** PROVIDED MATERIAL follows **

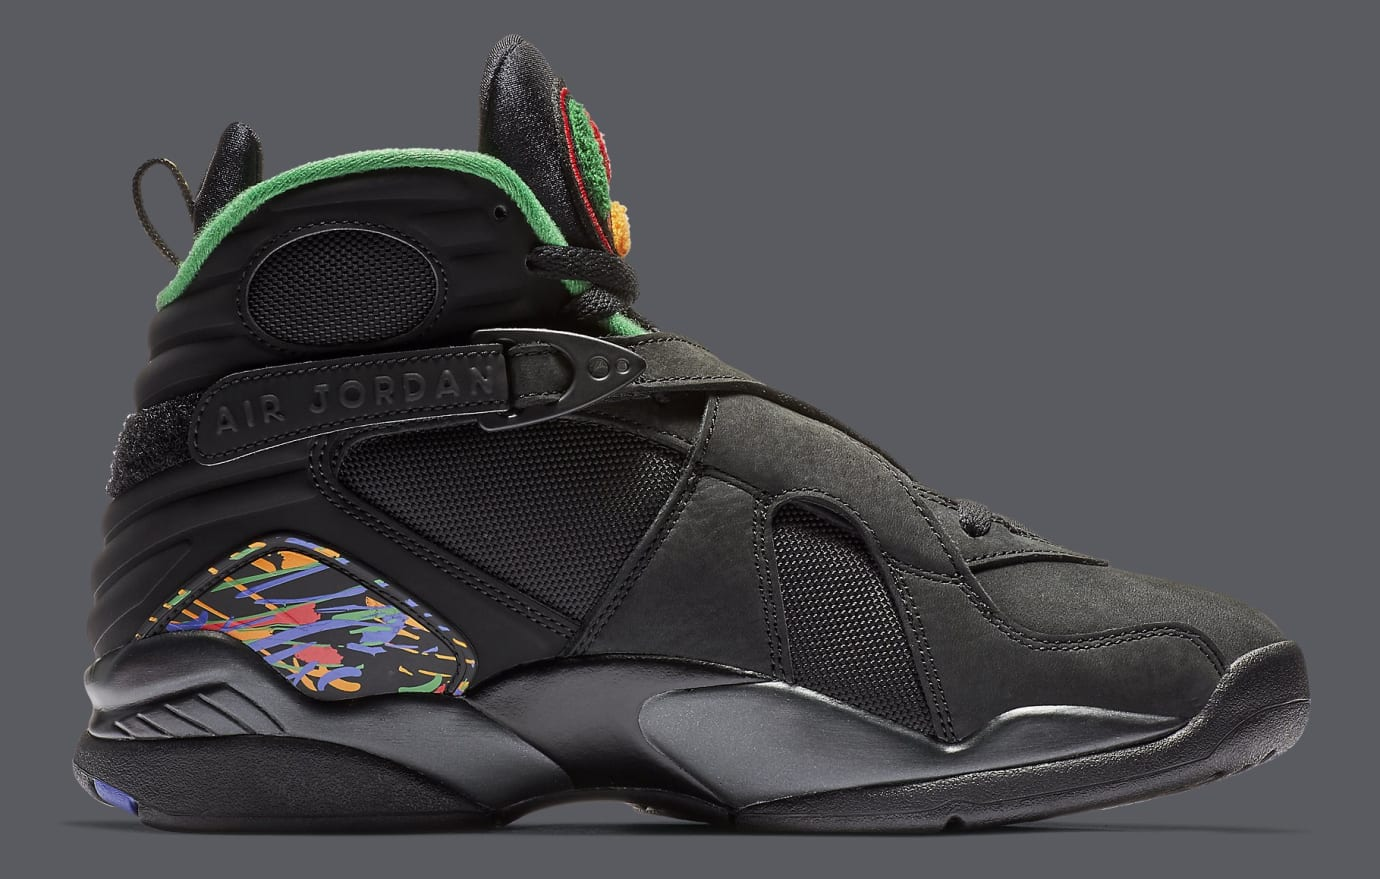 061ab22ae78 Image via Nike Air Jordan 8 VIII Tinker Air Raid Release Date 305381-004  Medial
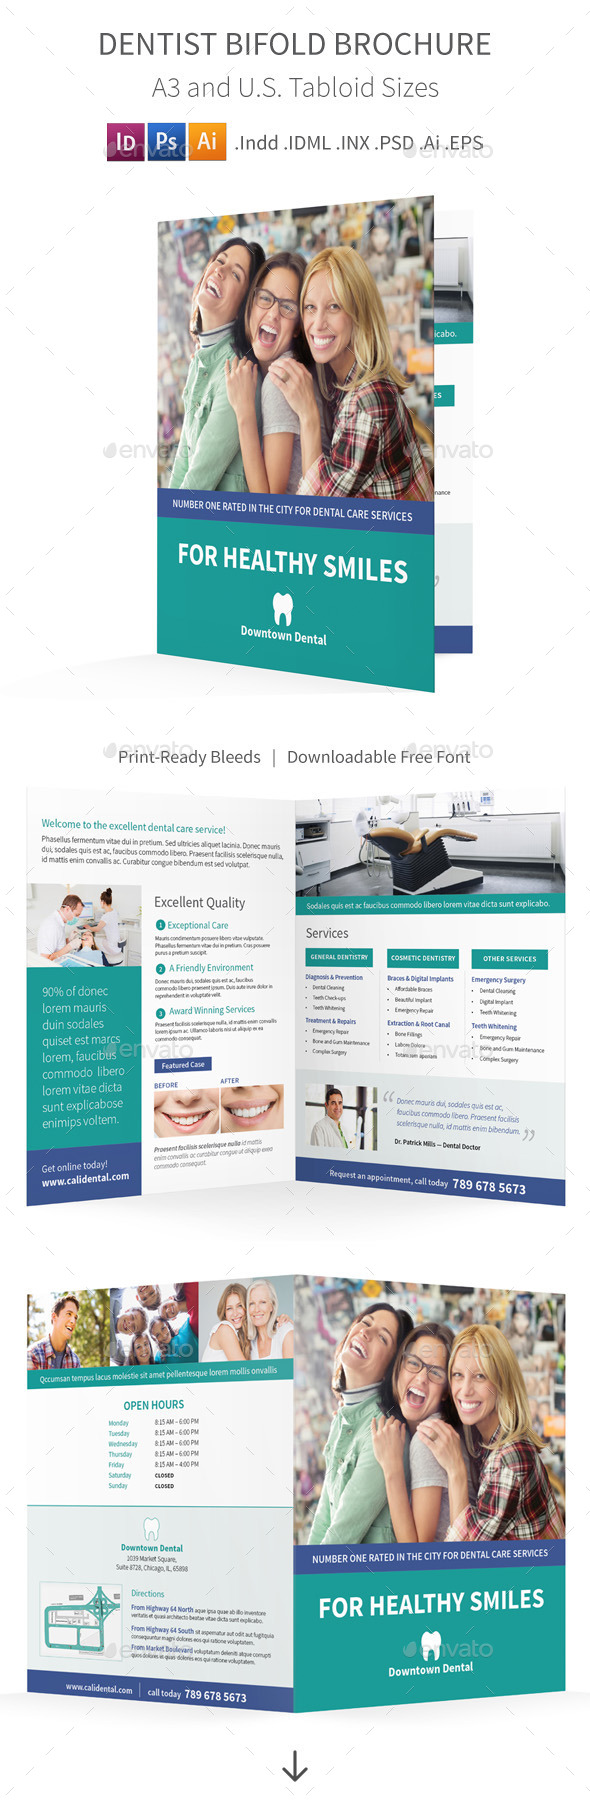 Dentist Bifold Halffold Brochure
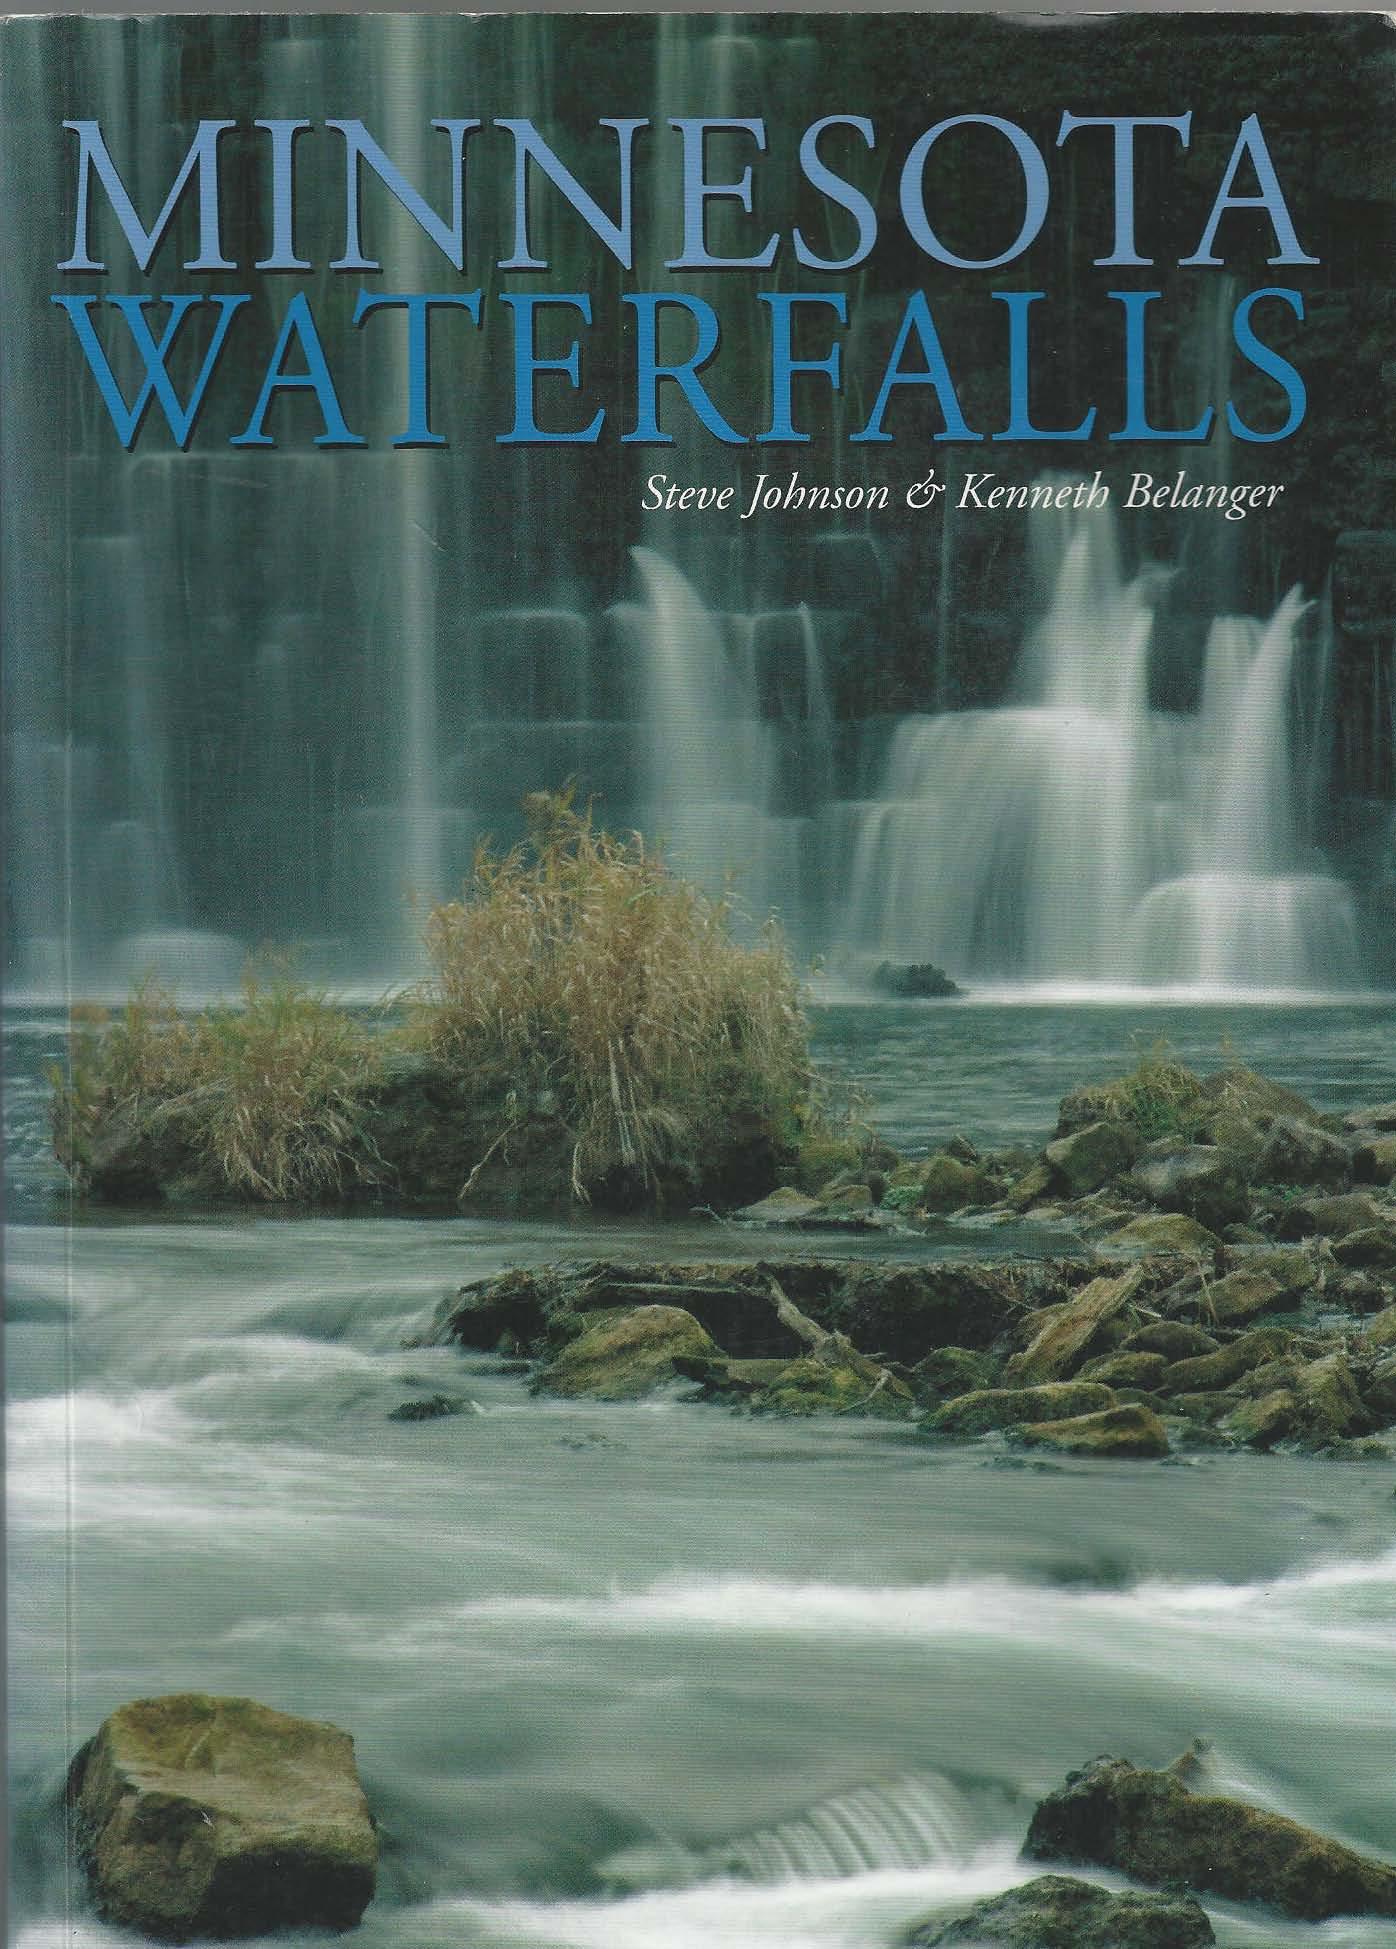 mnwaterfalls.jpg

** End of PROVIDED MATERIAL **

AIM OF THE EXERCISE:
Except for the pictures, the whole listing above should be transcribed exactly.

EXPECTED ANSWER:
 061ab22ae78 Image via Nike Air Jordan 8 VIII Tinker Air Raid Release Date 305381-004  Medial
 Dentist Bifold Halffold Brochure
 mnwaterfalls.jpg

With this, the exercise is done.